What do you think of when you hear the word “junkie?” How about “crackhead?” These words typically don’t bring positive images to your mind. Unfortunately, such labels are often used to describe people who need help. Even the word “addict” can have negative connotations.

Labels that impart shame and reinforce stigma can mean the difference between life and death. Like diabetes, having a substance use disorder is a treatable condition that has its roots in genetic predispositions and environmental causes. Despite this, people with the diagnosis often face staggering amounts of stigma. Sometimes this can come from unexpected places.

New Terms to Use

As mentioned last month, even clinical and medical professionals can suffer from this bias and reinforce stigma. A 2009 Center for Addiction Medicine study found that patients who were described as “having a substance use disorder” were more deserving of help and treatment. A simple change in language led to completely different perceptions by medical and clinical professionals. This is why we refer to people in our care as “people with substance use disorders” and not “addicts.”

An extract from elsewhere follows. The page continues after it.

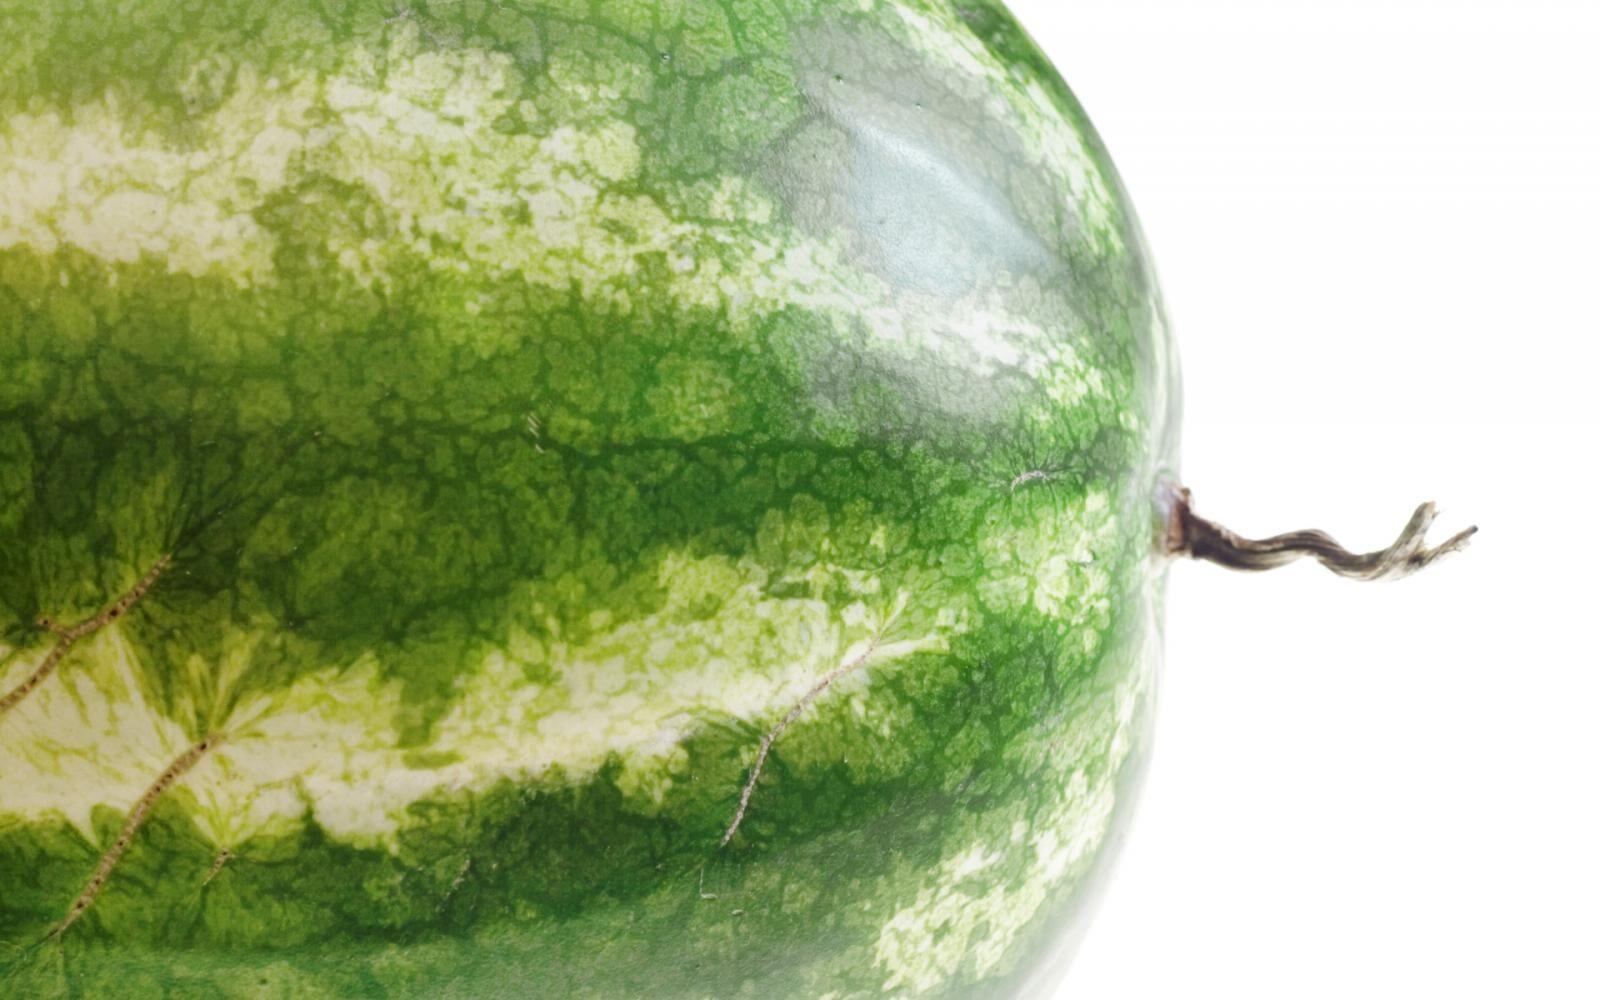 Хвостик арбуза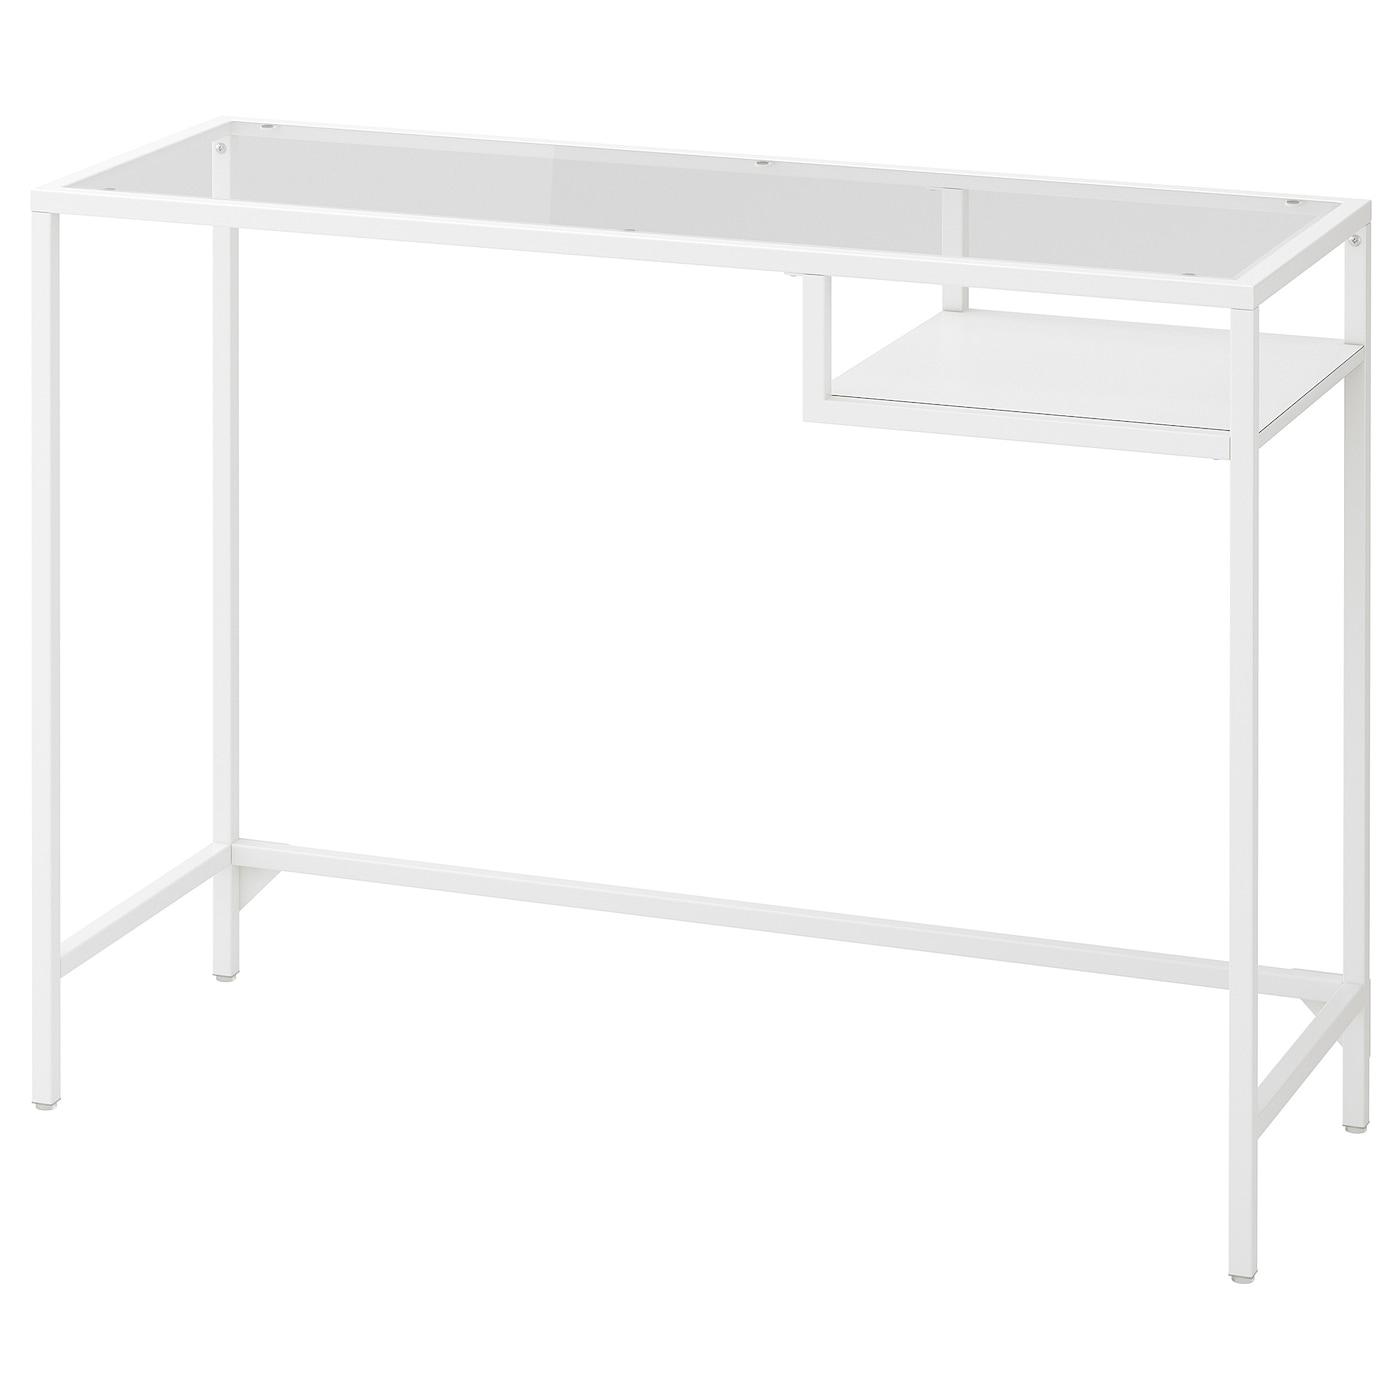 Vittsjo Laptop Table White Glass 39 3 8x14 1 8 Ikea

Labels for people aren’t the only terms that need updating. Common words and phrases in our field are changing, too. For instance, if someone starts using drugs or alcohol again, this was previously called a “relapse.” Providers in the field are now calling it a “recurrence” or “recurrence of use.” This reflects the transition to using terms that are found elsewhere in the healthcare sector.

Additionally, the term “clean time” is changing, as well. It refers to the time someone has spent since the last time they used drugs or alcohol. But what happens if someone starts using again? Does that make them “dirty?” That association and thought could make it harder for someone to seek help if they’re using. Instead, we’re now calling this “time spent substance-free.”

Choice & Everyday Acts

Certain terms listed above have been used in self-help communities for decades, and many are still seen as positive. We want to provide the people in our programs with the choice to use whatever terminology they feel comfortable using. However, as clinicians and service providers, we are committed to describing our residents with language that reflects the medical model of having a substance use disorder. 

Changing language can be a challenging prospect. Nevertheless, everyday acts like this can help to reduce stigma and shame for those seeking recovery in our communities. By simply changing the language you use, you can help people with substance use disorders know that treatment works and that they deserve help. People who feel supported by their communities are more likely to seek treatment earlier in the disease. If we change the conversation, we will save lives.